GitHub - Lilcupcake/XCDF

Branches Tags

Name		Name	Last commit message	Last commit date
Latest commit History 126 Commits
cmake		cmake
include/xcdf		include/xcdf
python		python
src		src
tests		tests
utilities		utilities
CMakeLists.txt		CMakeLists.txt
INSTALL		INSTALL
LICENSE		LICENSE
README		README

Repository files navigation

XCDF: The eXplicitly Compacted Data Format
--------------------------------------------------------------------------------

I.   Overview
II.  Description
  A. Bit Packing
  B. XCDF

--------------------------------------------------------------------------------

I. Overview

  The eXplicitly Compacted Data Format (XCDF) is written and maintained by Jim
  Braun at the University of Maryland.  XCDF is a binary data format designed
  to store data fields with a user-specified accuracy.  The library uses
  bit-packing to store the field at the given accuracy for a given set of
  values, and therefore provides substantial compression.

  Python bindings for XCDF are written and maintained by Segev BenZvi at the
  University of Wisconsin-Madison.

II. Description

  A. Bit Packing

  Bit-packing is the process of compressing data by reducing the number of bits
  needed to represent data values, then packing those bits serially for each
  datum, ignoring word boundaries. This technique is particularly effective for
  floating-point data, as precision in the mantissa beyond the needed
  resolution has high entropy and is poorly compressed by generic tools (e.g.
  GZip). As an example, suppose we wish to record zenith and azimuth angles of
  cosmic ray events from an experiment with an angular resolution of one
  degree. Since the resolution is one degree, the data can be stored in bins of
  0.1 degree without significant degradation. Therefore, we create 1800 bins in
  zenith angle, representing 0-180 degrees, and we create 3600 bins in azimuth
  angle, representing 0-360 degrees. We need a minimum of 11 bits to store
  zenith angle (2^11 = 2048) and 12 bits to store azimuth angle (2^12 = 4096).
  Successive zenith/azimuth angle pairs will be written consecutively in the
  file zenith1,azimuth1,zenith2,azimuth2,zenith3, etc., requiring 23 total bits
  for each pair. This is nearly a factor of 3 less space than needed by writing
  32-bit floating-point values directly into the file, which would require 64
  bits for each zenith,azimuth pair.

  This scheme has two major drawbacks, however:

  1. Changes to the data format require significant updates to data readers, as
     well as a data versioning scheme. Examples:
    a) Suppose one later improves the experiment and needs to write data in
       0.05 degree bins. This requires adding one bit to both the azimuth and
       zenith fields.
    b) Suppose a new field (e.g. energy) is added. Now three fields are written
       sequentially for each event (zenith,azimuth,energy).

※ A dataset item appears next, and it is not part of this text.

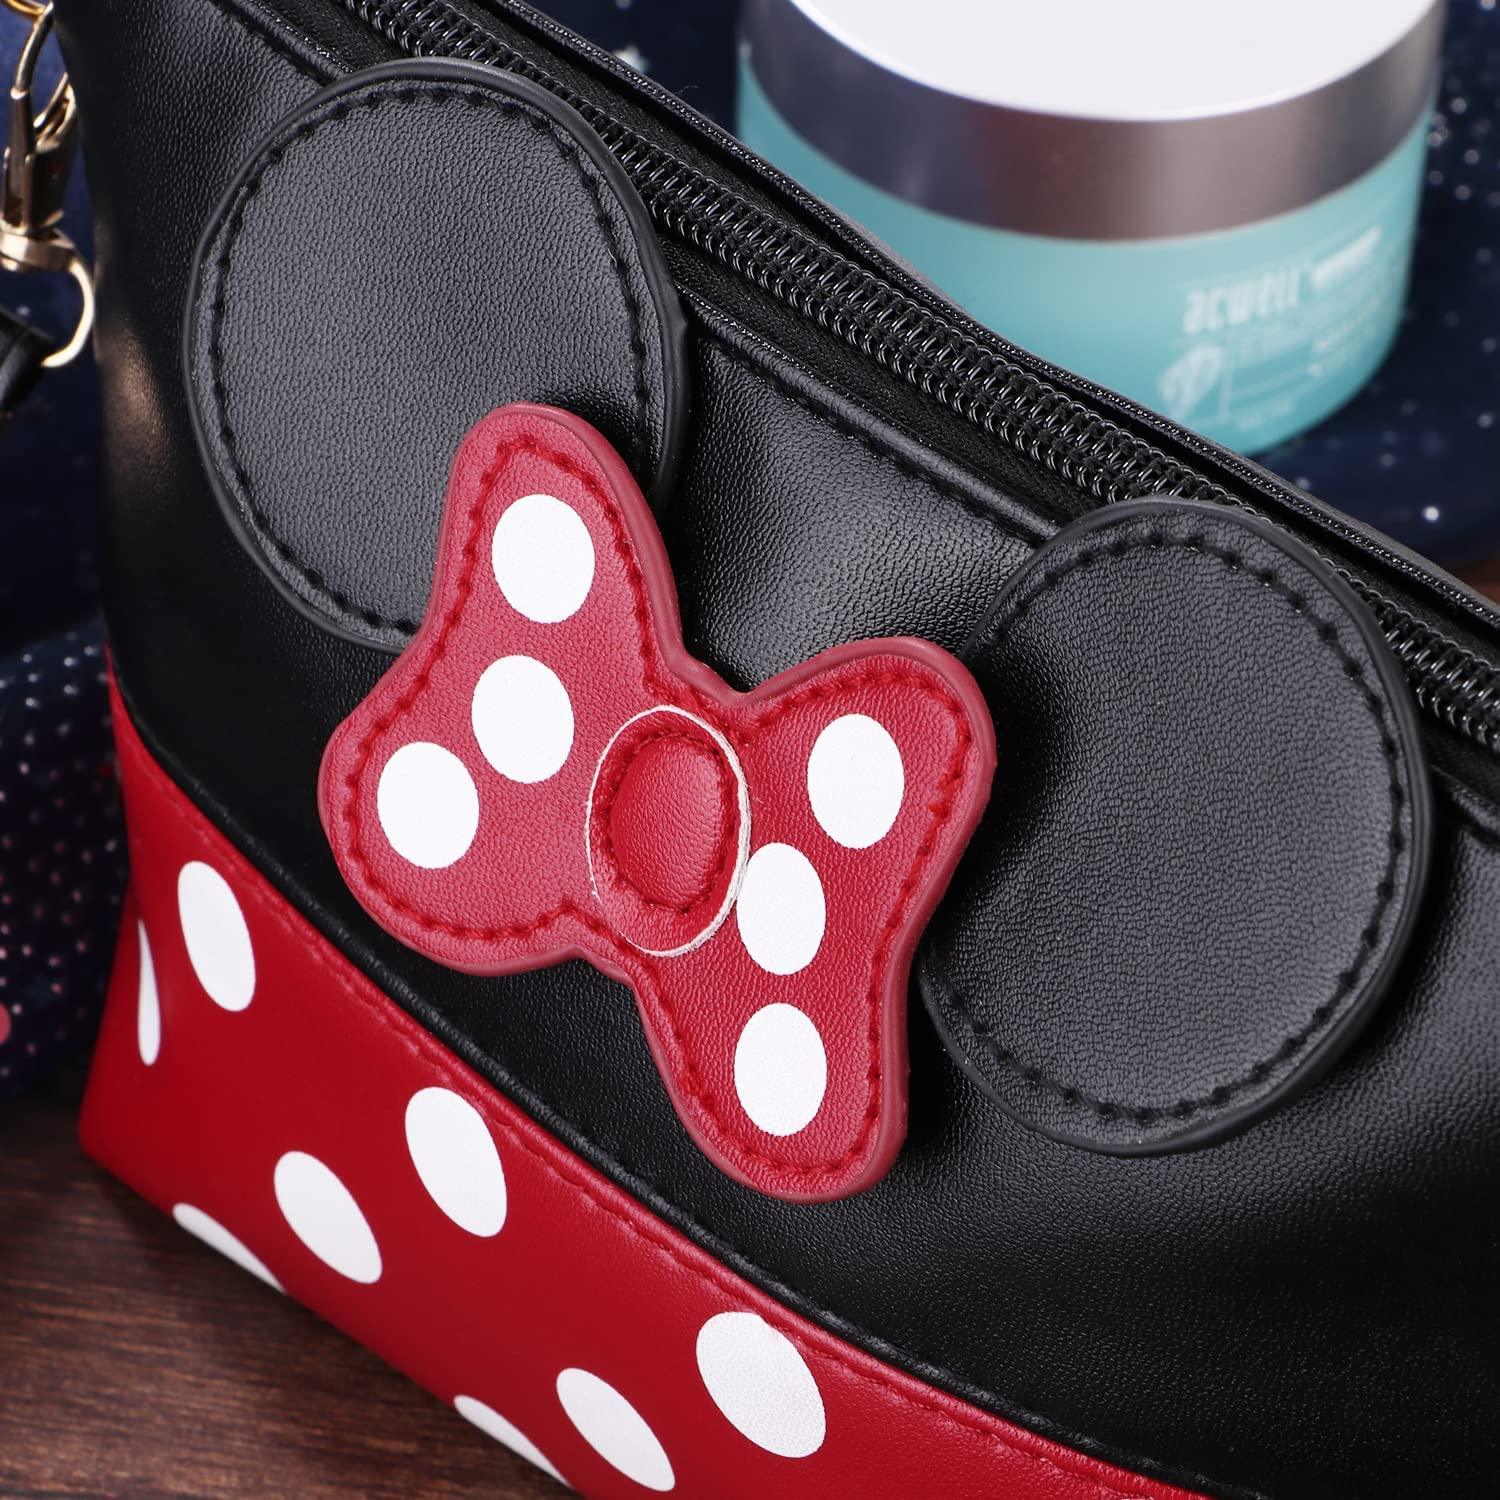 Minnie Mouse Ears Bag with Zipper Cartoon Leather Travel Makeup Handbag with Ears and Bow-knot, Cute Portable Cosmetic Bag Toiletry Pouch for Women Teen Girls Kids (Black) - BumbleToys - Bags, Girls, Leather
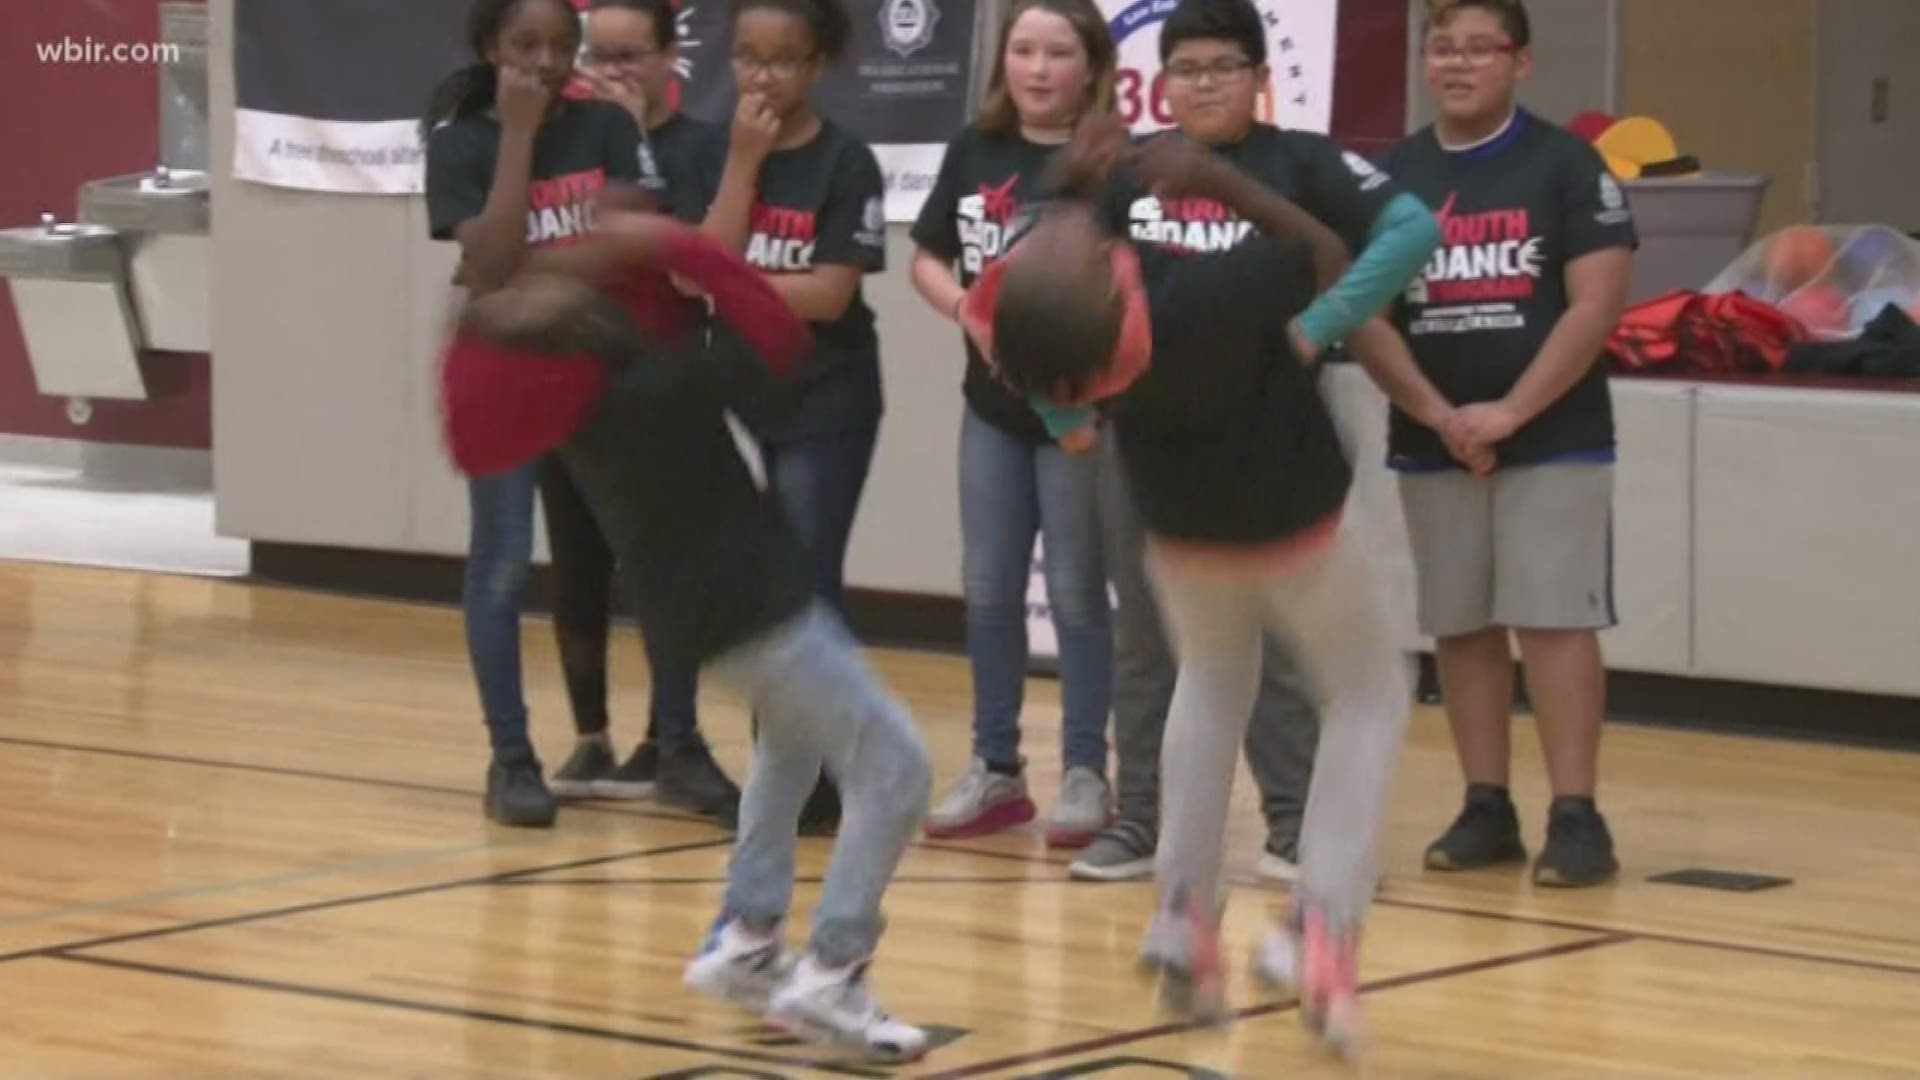 The DEA 360 Youth Program partnered with three Knox County elementary schools, teaching kids the dangers of illegal drugs, and using dance as a health alternative.

  2. The maximum and minimum values of each data field must be specified.

  XCDF solves these problems by providing a layer of abstraction between the
  data and data readers, and by dynamically calculating maximum and minimum
  field values as data are written.

  B. XCDF

  XCDF stores groups of fields that have a common index (nTuples). Each index
  is referred to as an event. Data fields are added to the file by specifying a
  name, resolution, and field type (unsigned/signed integer, or
  floating-point). Vector fields (fields with multiple entries per event) are
  also supported, provided that the length of the vector is the value of one of
  the fields present in the event. The data is written into each field, and
  then the event is written into the file.

  The file is written as blocks of events. The field data is stored in a
  temporary buffer until either the set number of events in the block is
  reached (default: 1000 events), or the set maximum block size is reached
  (default: 100 MB). Once the block is filled, the minimum and maximum values
  of each field are calculated for the block and written to the file. For each
  event, each field is bit-packed using the calculated minimum and maximum
  field values and the specified field resolution, and is then written
  sequentially into the file.

  The above procedure is reversed when reading the file back. When a data block
  is read, the field minimum and maximum are recovered. The data fields are
  filled each time an event is read, converting the bit-packed datum into the
  original field value (accurate to the specified field resolution).